November 6 @ 09:00 November 10 @ 17:00 CET

National course open for PhD students, postdocs, researchers and other employees in all Swedish universities, in need of hands-on and practical skills for the analyses of population genomics data.

Important dates and information

Application opens: 2023-08-17

Application closes: 2023-09-30

Confirmation to accepted students: 2023-10-10

Course Leader and teachers: Per Unneberg (CL), Nikolay Oskolkov, Jason Hill, André Soares

In case you miss information on any of the above dates, please contact: edu.population-genomics-in-practice@nbis.se

Course fee

A course fee* of 3000 SEK will be invoiced to accepted participants. The fee includes lunches, coffee and snacks.

*Please note that NBIS cannot invoice individuals

Course content

The aim of this workshop is to provide an introduction to commonly used methods in population genomics. As the focus of the course is on hands-on work, the topics have been designed to cover the fundamental analyses that are common in many population genomics studies. The course consists of lectures and exercises, with a focus on the practical aspects of analyses. Whereas lectures introduce some background theory, their primary aim is to set the stage for accompanying exercises.
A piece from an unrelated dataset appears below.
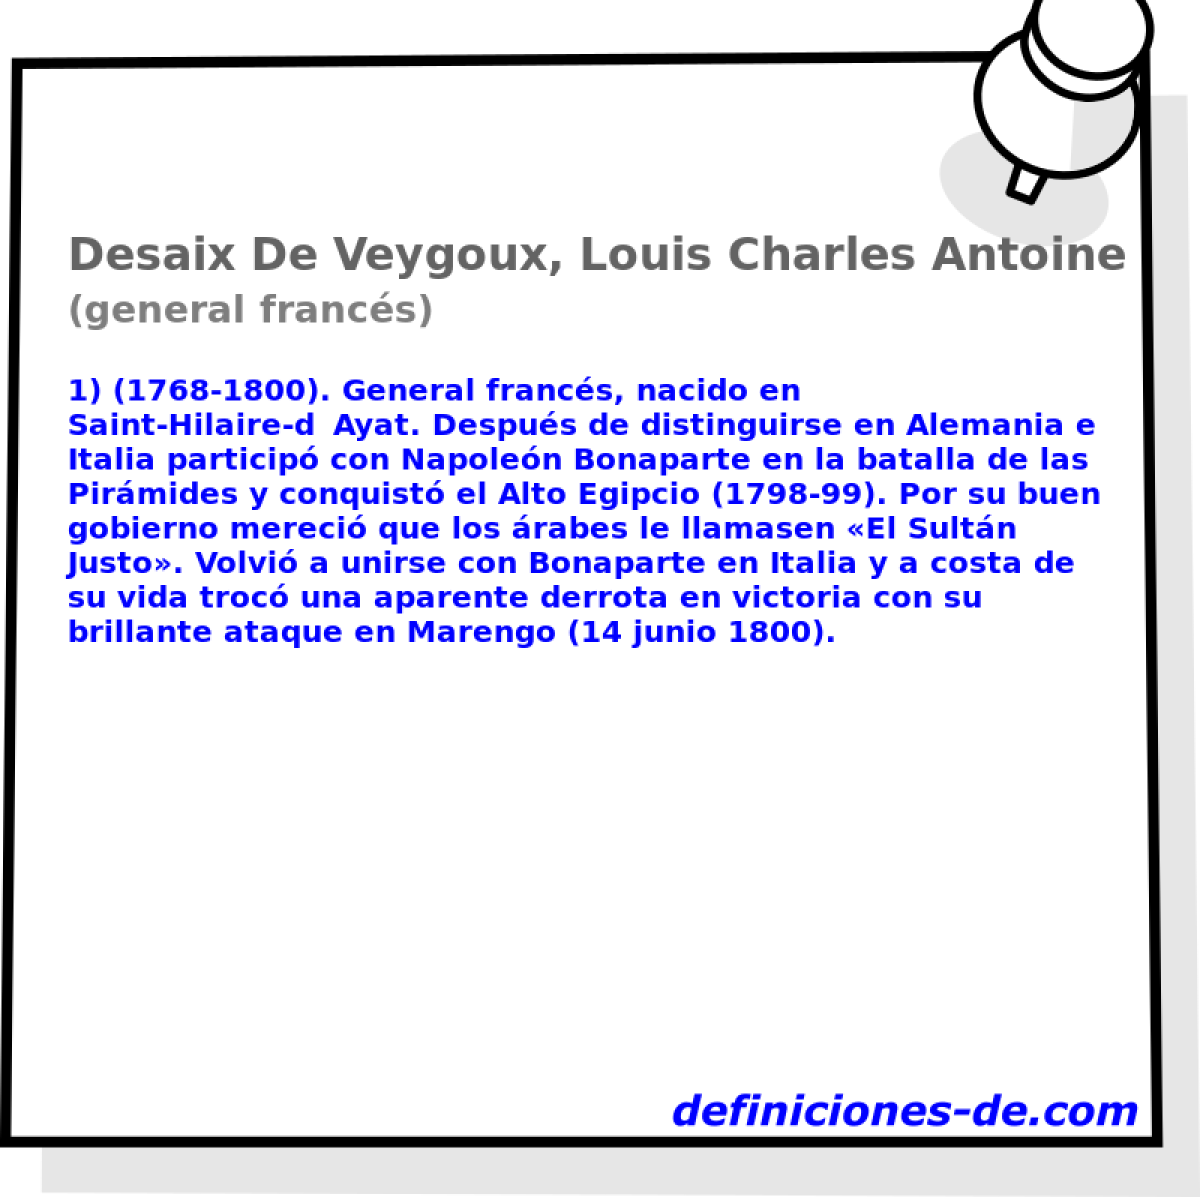 Desaix De Veygoux, Louis Charles Antoine (general francs)

Topics covered will include:

  • Foundations of population genetics
  • Introduction to simulation and the coalescent
  • Basics of variant calling
  • Variant filtering and sequence masks
  • Characterization and interpretation of DNA sequence variation
  • Calculation and interpretation of summary statistics from variation data
  • Investigating population structure with admixture modelling and principal component analyses
  • Demographic modelling using sequentially Markovian coalescent models and linkage disequilibrium
  • Selection scans

Learning Outcomes

Upon completion of this course, you will be able to:

  • describe the different forces of evolution and how they influence genetic variation
  • understand and interpret genealogical trees and how they relate to genetic variation data
  • describe the basics of the coalescent
  • perform simple coalescent simulations with msprime
  • run simple SLiM forward simulation models
  • describe and run the steps of a variant calling pipeline, including quality control of raw reads, read mapping, and variant calling
  • know how and when to filter raw variant calls using manual coverage filters
  • describe and calculate nucleotide diversity from variation data
  • analyse population structure with admixture modelling and dimensionality reduction methods
  • perform demographic modelling with sequential Markovian coalescent models
  • describe methods that identify regions undergoing adaptation and selection
  • run selection scans, score identified regions and interpret findings in the context of genome annotations

Entry Requirements

The following is a list of skills required for being able to follow the course and complete the exercises:

  • Basic knowledge in R or Python
  • Basic knowledge of variant calling, or the equivalent of NBIS course “Introduction to Bioinformatics using NGS data”
  • Basic knowledge of population genetics
  • Basic understanding of frequentist statistics
  • A computer

Desirable, but not essential, skills increasing the output of the course, include:

  • Experience with analysis of NGS and other omic data

Due to limited space the course can accommodate a maximum of 25 participants. If we receive more applications, participants will be selected based on selection criteria, including (but not limited to) correct entry requirements, motivation to attend the course, as well as gender and geographical balance.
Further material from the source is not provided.